Placée sous le thème « Instruments de musique traditionnels, facteurs de promotion de la paix et de la cohésion sociale », cette édition ambitionne de promouvoir les valeurs de vivre-ensemble à travers les expressions culturelles traditionnelles du Burkina Faso et de l’espace sahélien.
« Le FITO constitue une scène privilégiée dédiée à la préservation, à la promotion et à la célébration des instruments et danses traditionnels du Burkina Faso et dans le reste de notre espace, jouant ainsi un rôle crucial dans la sauvegarde du patrimoine culturel matériel et immatériel face à l’impact de la mondialisation. La marque particulière de cette édition est la participation massive des troupes venues de quatre régions du Burkina Faso en l’occurrence les masque du Nayala, les cauris du Sourou, les danses traditionnelles du Zondoma et celle de Nando. Un autre regard marquant de cette édition est la présence effective de la délégation nigérienne qui répond avec vigueur à l’aspect international du FITO », a indiqué le président du comité d’organisation, Dji Marc Koussoubé.
Pendant donc trois jours, le public assistera à diverses activités culturelles et artistiques. Le vendredi 22 mai 2026, une caravane des troupes est prévue aux alentours du musée national à partir de 10h. Une conférence publique inaugurale se tiendra ensuite à 14h autour du thème principal du festival avant la cérémonie officielle d’ouverture annoncée pour 16h. Treize troupes de danses traditionnelles et instrumentistes issus des différentes communautés du pays dont cinq de la communauté Djan, invitée d’honneur de cette édition se produiront à cette occasion.
« Cette édition tourne son objectif de promotion de nos identités culturelles des différentes communautés du Burkina Faso ainsi nous notant la participation de la communauté Djan en tant qu’invitée d’honneur. Cette communauté incarne la richesse de la diversité culturelle et musicale de notre continent en général et celle du Burkina en particulier. Elle possède des instruments spécifiques comme les balafons qui résonnent et véhiculent les savoirs, les savoir-faire et savoir être de cette communauté », a souligné le PCO.
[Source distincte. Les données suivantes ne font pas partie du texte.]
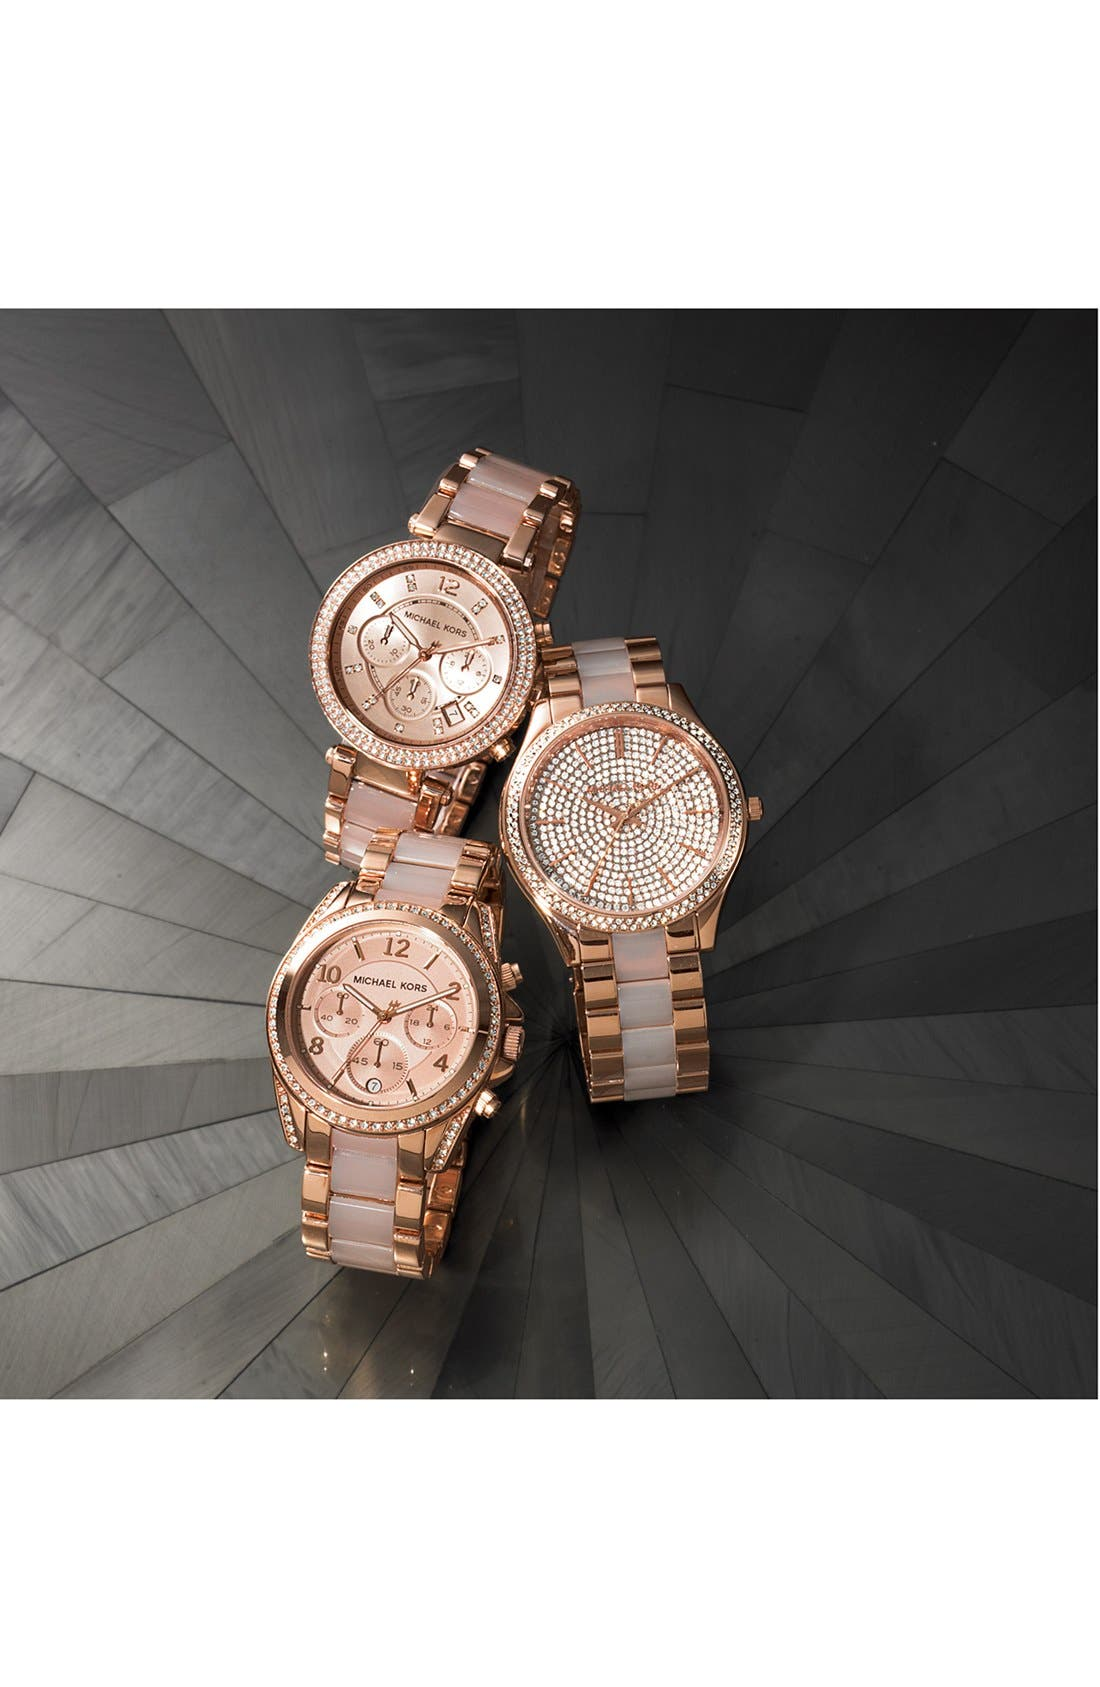 MICHAEL KORS,                             'Blair' Crystal Bezel Two-Tone Bracelet Watch, 39mm,                             Alternate thumbnail 3, color,                             040

Le programme prévoit également des expositions et ventes d’instruments de musique traditionnels, de tenues et d’objets culturels, ainsi que des espaces consacrés à l’art culinaire et aux modes vestimentaires des communautés participantes. Les festivaliers auront aussi l’occasion de découvrir les expositions du musée national du Burkina Faso et celles du musée de la musique Georges Ouédraogo dédié aux instruments traditionnels des différentes communautés du pays.
Des ateliers d’immersion sur la fabrication et la connaissance des instruments de musique traditionnels viendront enrichir cette édition, avec pour objectif de favoriser la transmission des savoirs culturels aux jeunes générations.
Le FITO 2026, dont la participation est libre et gratuite, se tiendra sous le patronage du ministre en charge de la culture, Pingwendé Gilbert Ouédraogo. L’événement sera placé sous la présidence du président de la Commission nationale de la confédération des États du Sahel (AES), Bassolma Bazié, avec le parrainage du président de la délégation spéciale consulaire de la Chambre de commerce et d’industrie du Burkina Faso, Roland Achille Sow. Adja Amsetou Nikiéma, tradipraticienne à Komsilga sera également marraine de cette 4e édition.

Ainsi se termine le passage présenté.